Pesticide-gene expression interactions. BRL scientists demonstrated that sub-lethal pesticide exposure can cause changes in metabolic response in worker honey bees that may alter bee health. These changes include changes in detoxification pathways and changes in immune response. Interactions between pesticides and gene expression will help us better understand the negative effects that pesticides have on individual bees and could aide in our development of strategies to limit the recent declines in honey bee colony health.
Causes of honey bee winter declines. BRL scientists collaborated with the Apiary Inspectors of America, USDA-APHIS and the University of Maryland on a national survey to document colony losses. This survey, now in its seventh year, provides the only data on colony losses in the U.S. and the survey questions have been harmonized with European colleagues to allow for comparison of data collection in Europe.
Effect of transportation on honey bees.
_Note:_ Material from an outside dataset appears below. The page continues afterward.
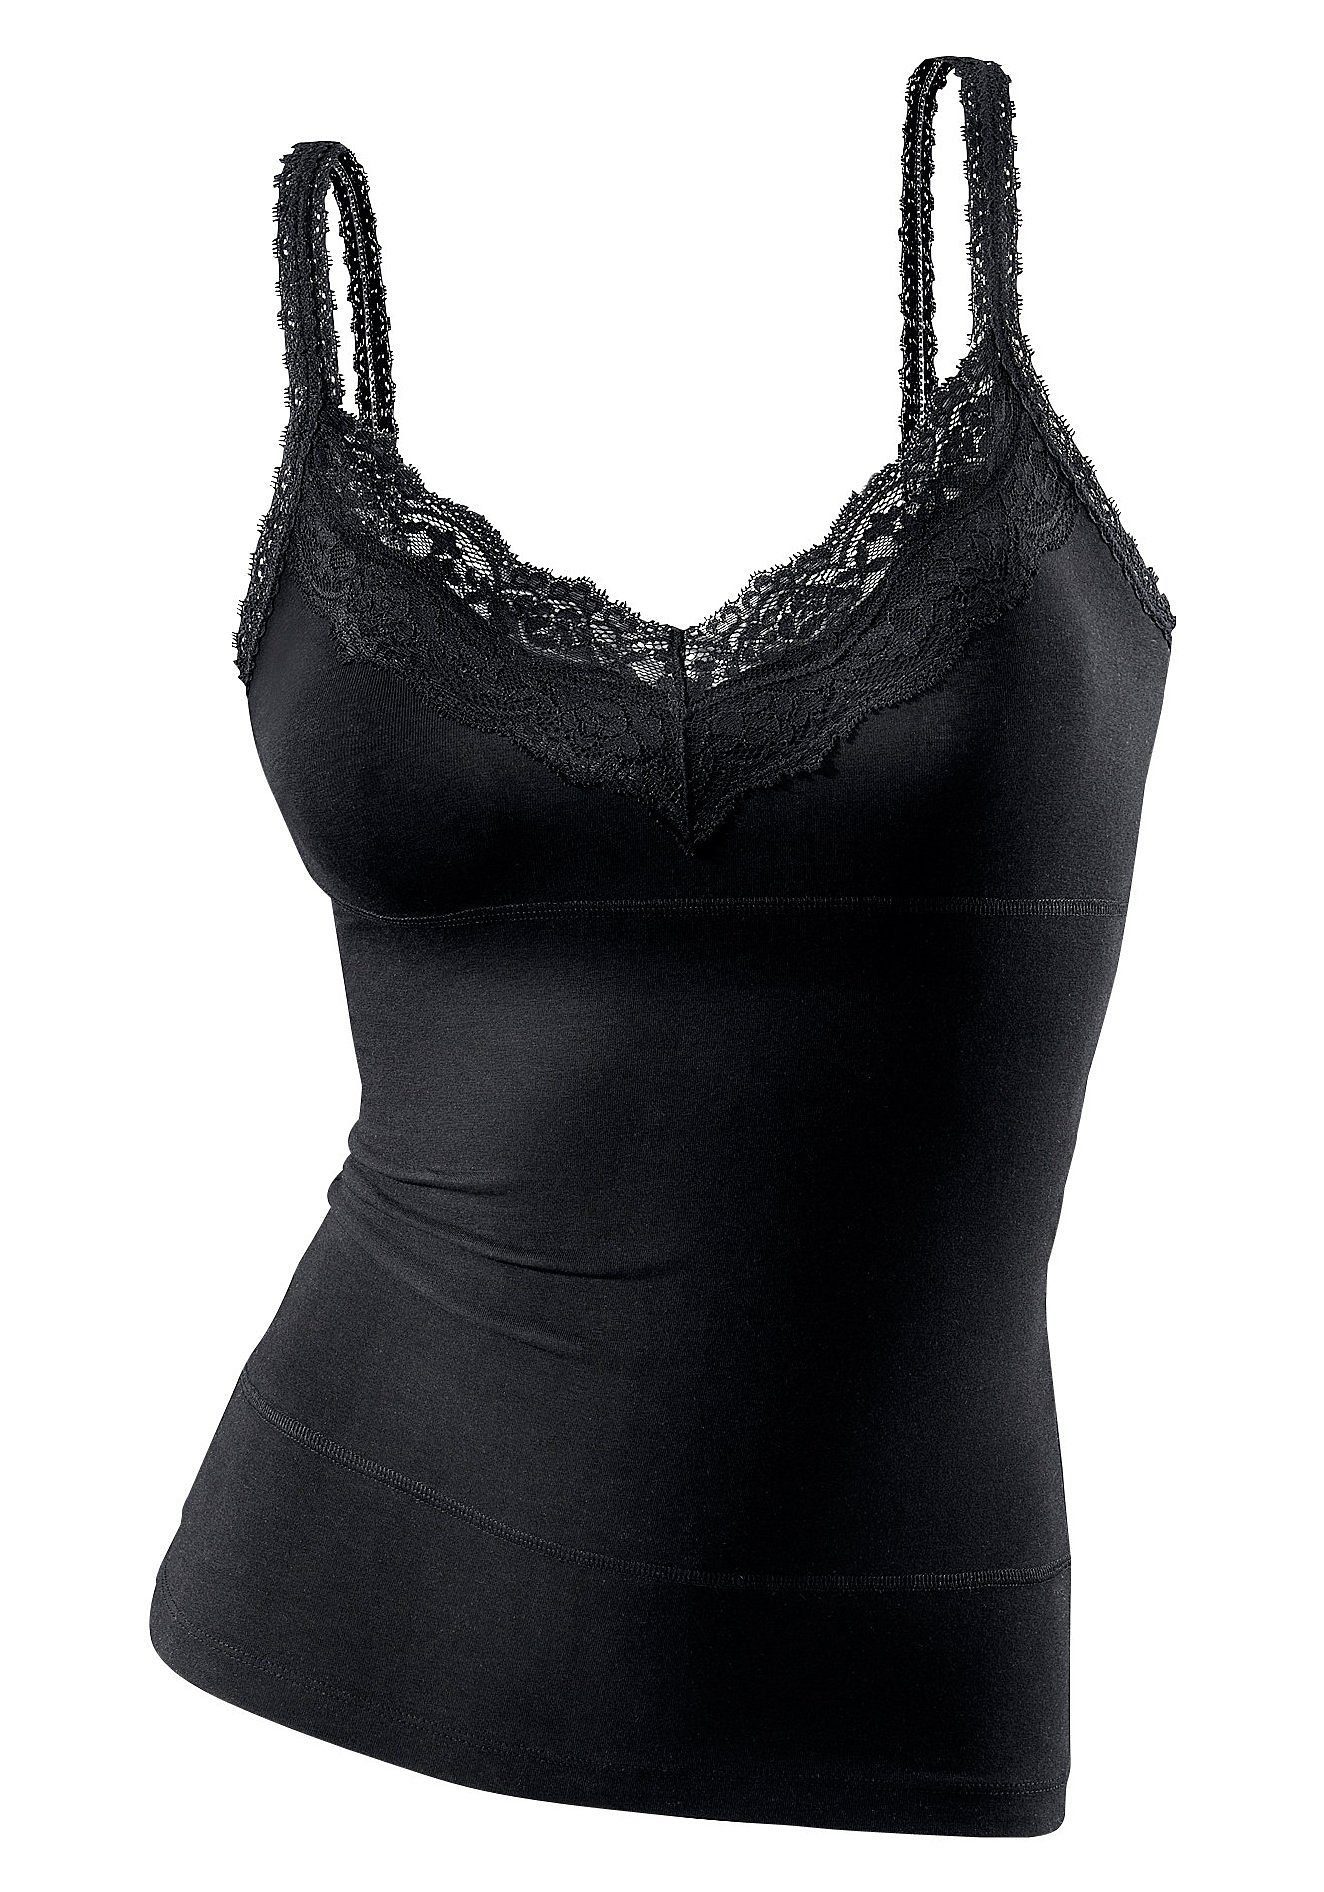 schwarz bodyforming Unterhemd LASCANA Effekt, Baumwolle, elastische Spaghettiträger-Top mit

BRL scientists in collaboration with Michigan State University demonstrated that long-distance transportation adversely affects individual worker bees and thus may impact the colony as a whole. Worker bees in colonies that moved had smaller glands that they use to feed immature brood in the colony. These smaller brood food glands would limit the amount of new young bees that could be raised and thus reduce the adult bee population over time. This is valuable information for beekeepers and a better understanding of migratory stress should allow for the development of techniques to limit this stress such as increased water availability during the move and possible refrigeration during transport, to mention just two ideas. Means to limit migratory stress are needed as the need for pollination, and thus colony transport, continues to increase in U.S. agriculture.
Boncristiani, H., Underwood, R., Schwarz, R.S., Evans, J.D., Pettis, J.S., Vanengelsdorp, D. 2011. Direct effect of acaricides on pathogen loads and gene expression levels of honey bee Apis mellifera. Journal of Insect Physiology. 58:613-620.
Ahn, K., Xie, X., Pettis, J.S., Huang, Z.Y. 2012. Effects of long distance transportation on honey bee physiology. Psyche. DOI: 10.1155/2012/193029.